There is no hard-and-fast rule for advance notice timing. A lot depends on the culture of the company, its current situation, and its prior experience. One example is a medical reprocessing company, which gave employees who were laid off 1 to 2 weeks’ severance and the chance to come back when needed. Each supervisor met with those who directly reported to him or her to communicate the changes. The CEO met with small groups to discuss the company status a week later. The HR director discussed how a reduction in staff was required because growth plans had not met expectations. She gave each employee a letter explaining the layoff, said the company would not contest unemployment filings, and included severance explanations and COBRA arrangements.
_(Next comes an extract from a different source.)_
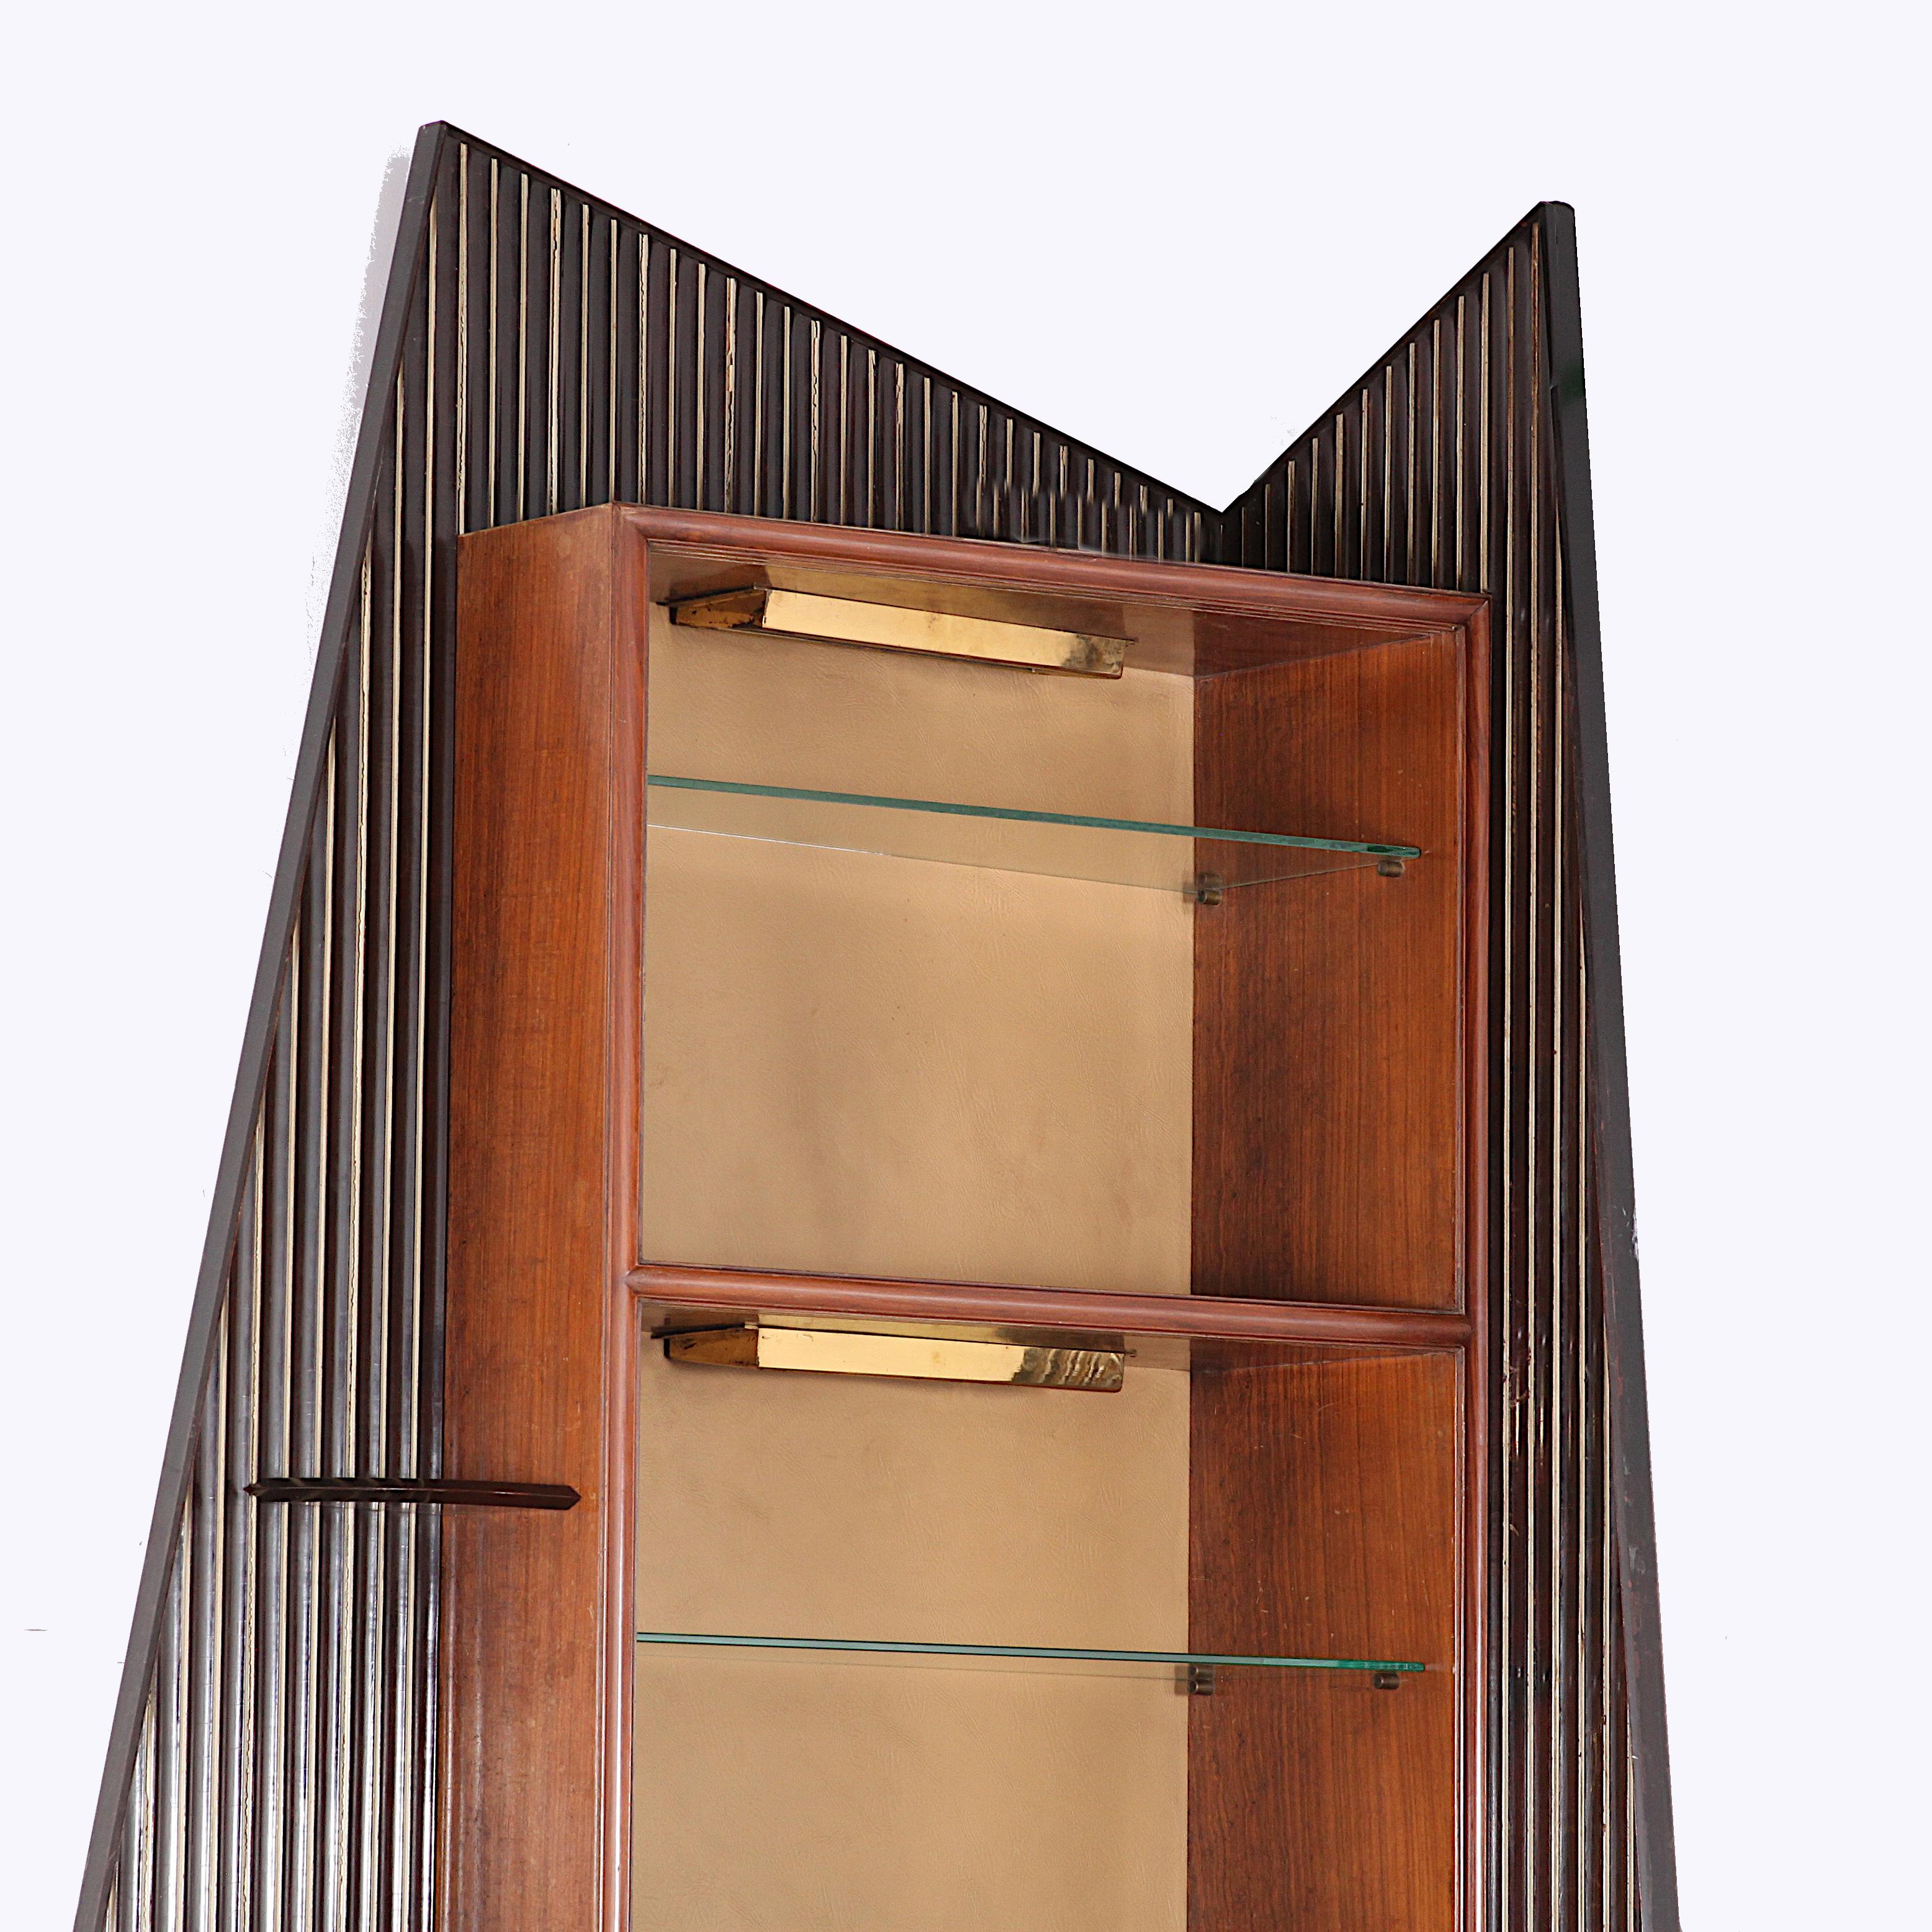 Italian mid-20th century curved bar & matching wall-mounted corner shelf in glass and exotic wood attributed to Osvaldo Borsani. Sleek fluted surfaces and bold assymetrical shape to the corner shelf. Backing of 100% leather on shelving unit which

Table 9-2: Advance Notice for Layoff

Approach

Pro

Con

Immediate Notice Prior to Escort off the Premises

Avoids negative behavior and sabotage

“Surgical separation” of employees

Anger andshame

Employees are less likely to return in the future No sense of closure for an employee

Short -Term Notice —2 Weeks

Advance notice for graceful Exit

Employee has the ability to do some advance planning

Potential negative work environment and productivity

fall off

Uncomfortable environment for everyone

Potential disruptive behavior

Long-Term Notice

Employee has the ability to do advance planning

Magnifying the “cons”of short-term notice

In another case the layoff discussion became the final discussion, as in the case of Danny. The manager escorted the employee to his office to collect his personal items and then from the building with instructions not to return. This harsh treatment is sometimes required when there is concern about sabotage, revenge, or theft of confidential information. It certainly does not enhance a feeling of warmth and caring toward the company.
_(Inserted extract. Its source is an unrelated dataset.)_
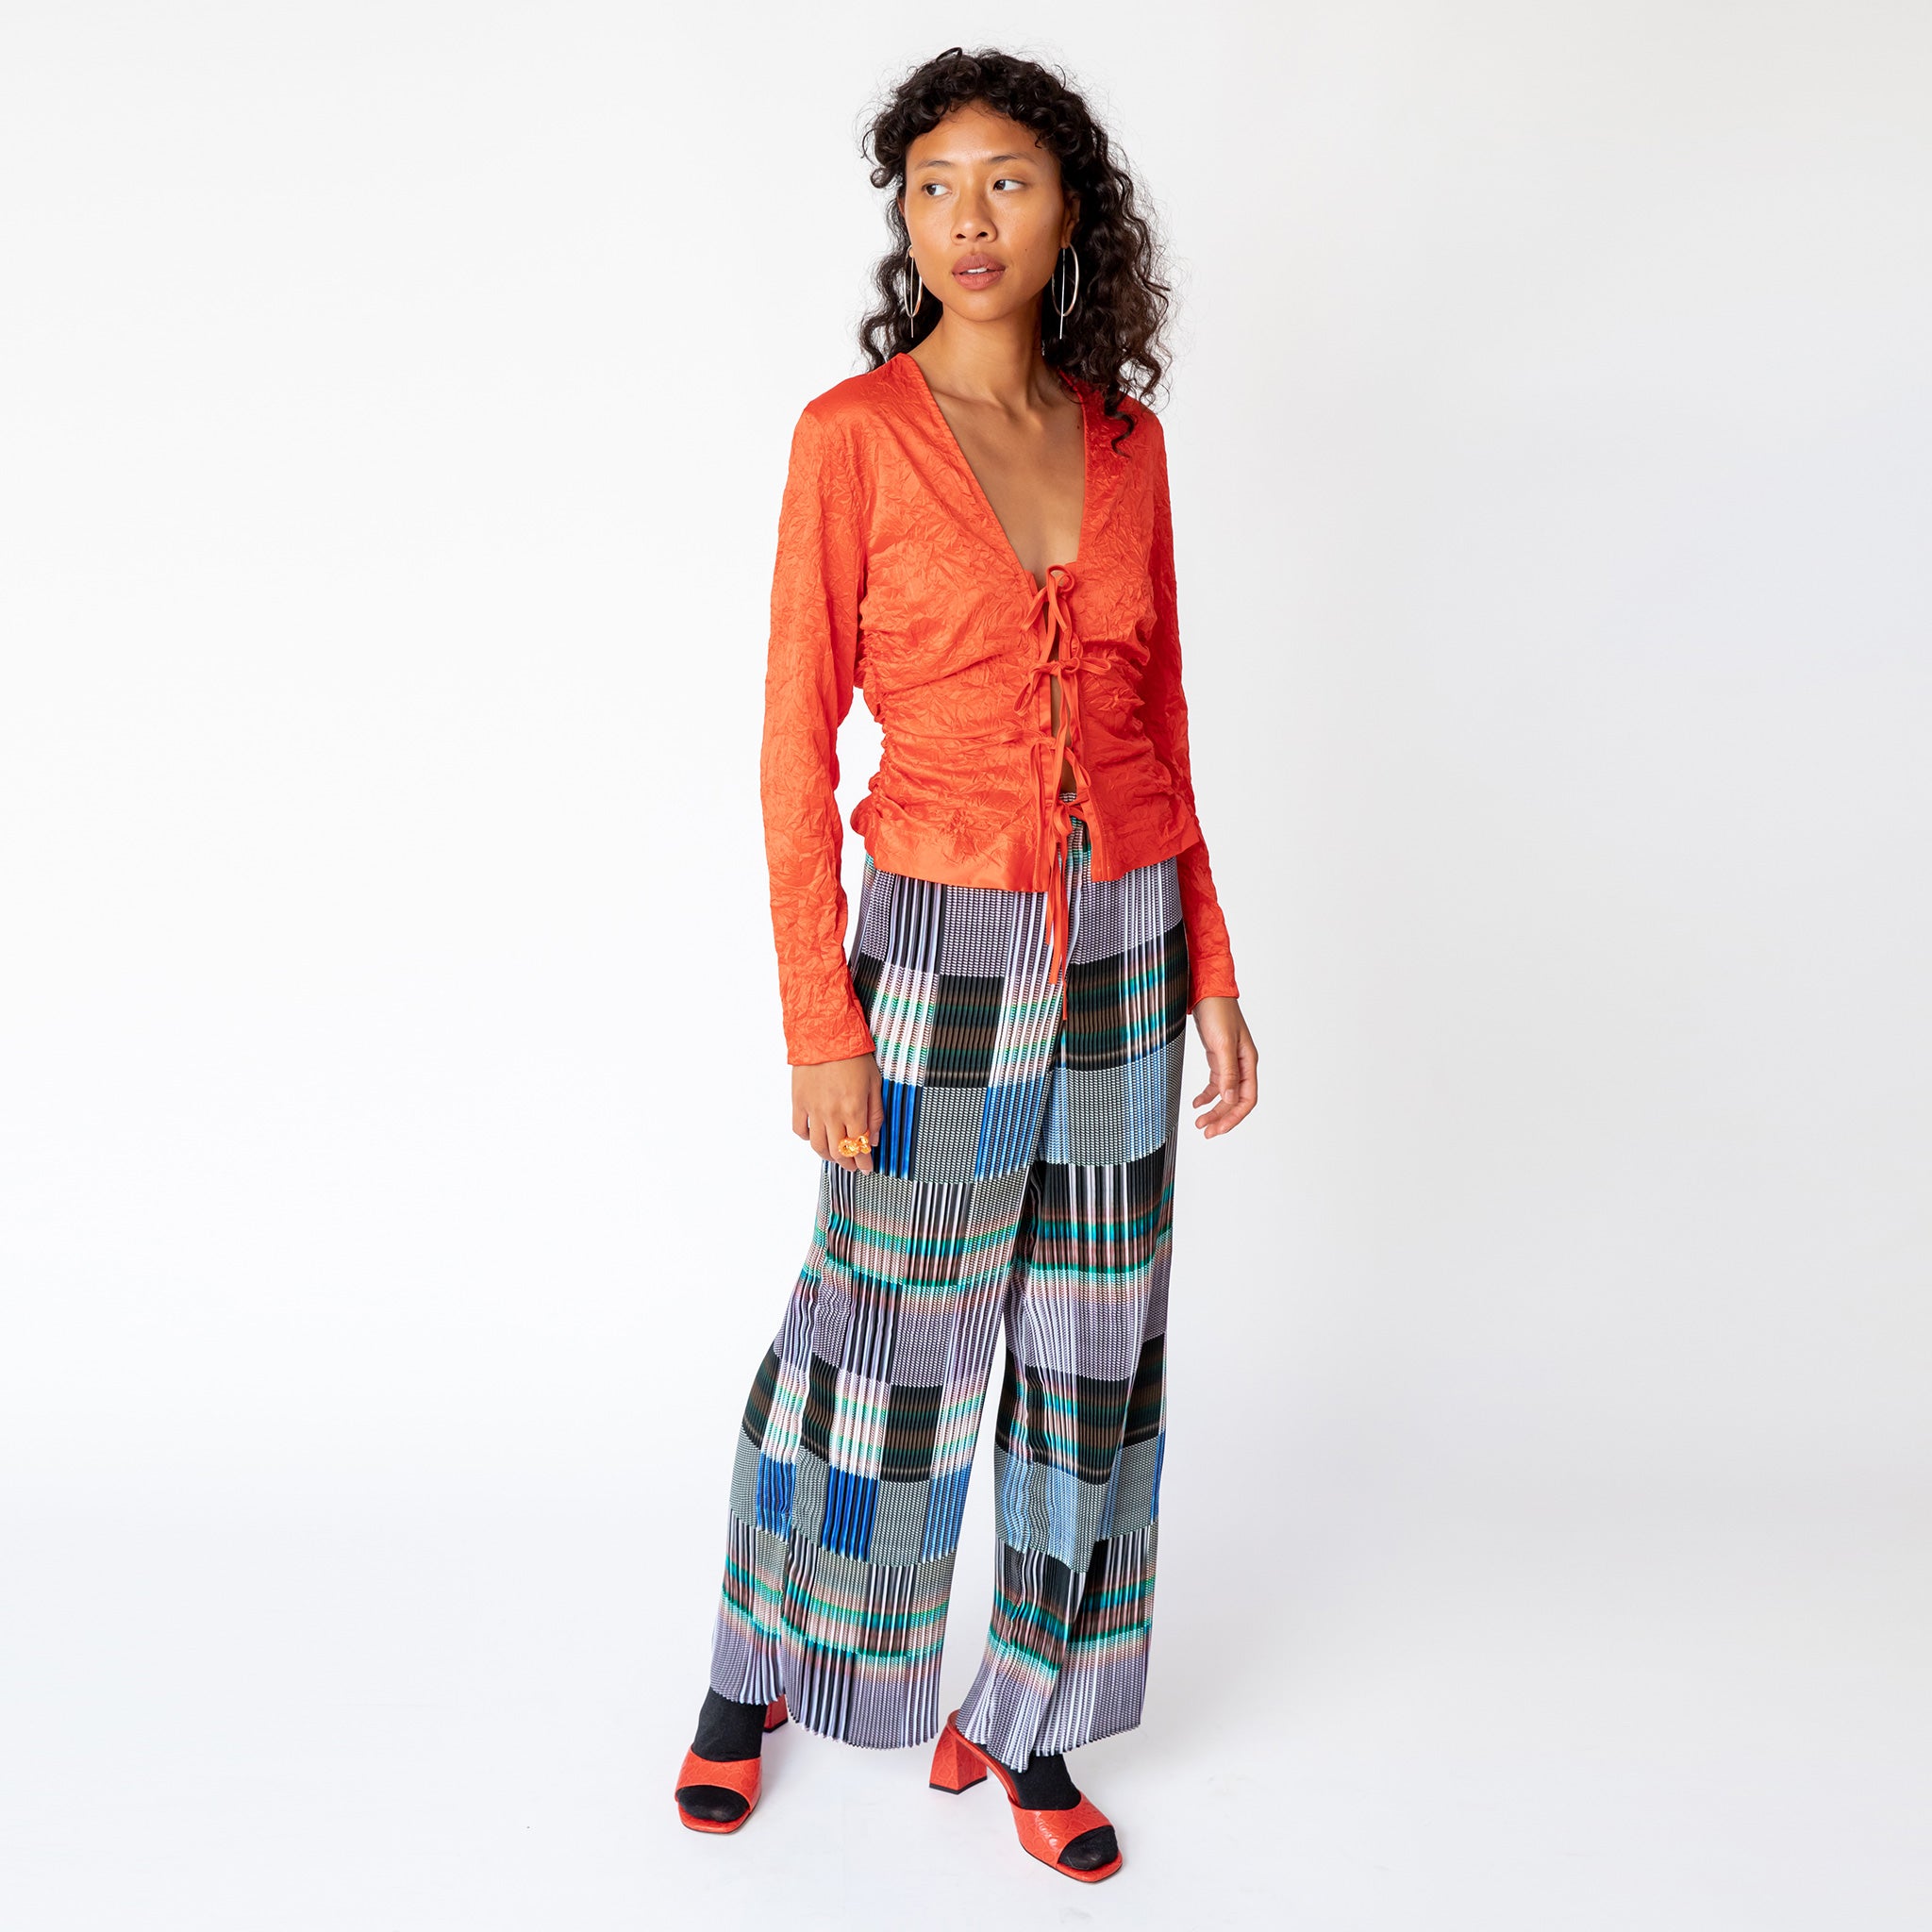 Front view of the Julie Heuer pleated Jack Trousers in a gridded print pattern as worn with a vibrant red blouse.

At the end of the day, a company must choose a method that fits with its culture and its approach to employee relationships. A company that has a close and personal relationship with employees should carefully consider the long-term implications of changing its “face” to employees in a layoff situation.
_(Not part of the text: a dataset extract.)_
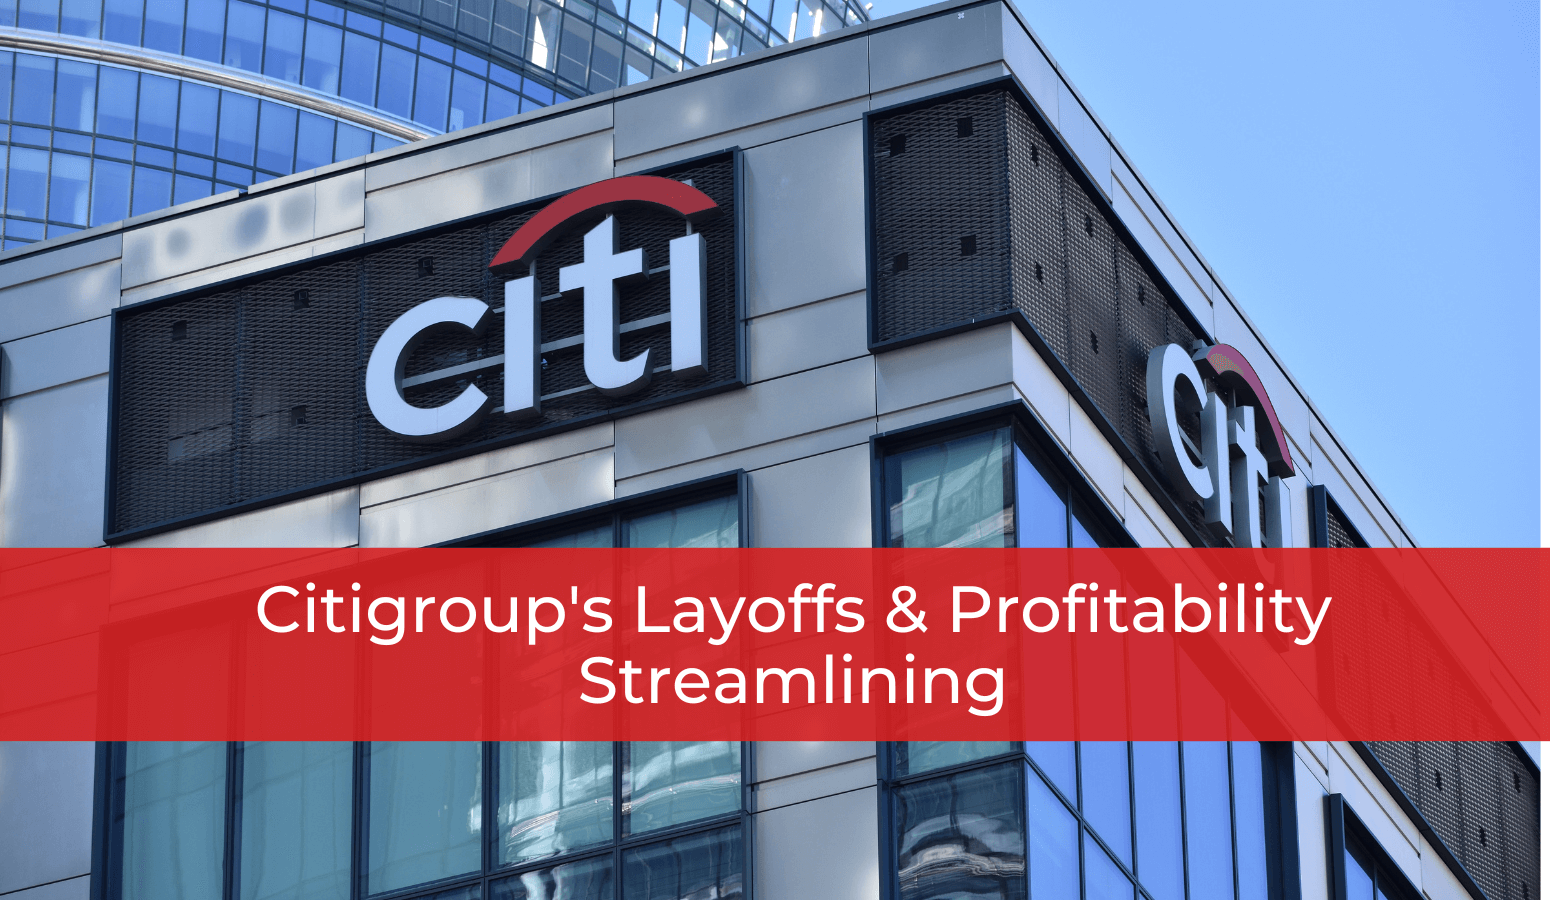 Featured image for “Citigroup’s Layoffs & Profitability Streamlining”

Rule 3: Be Careful What You Say in a One-on-One Discussion

The main reason companies script the layoff discussion or have professional staff present is to ensure that nothing is said that would haunt the company later. Managers should not make promises they can’t keep, such as hinting at hopes to rehire the employee if it is not the company’s policy. They should not answer questions off-the-cuff if they are unsure of the answers. Finally, managers should, at all costs, avoid confrontations with employees.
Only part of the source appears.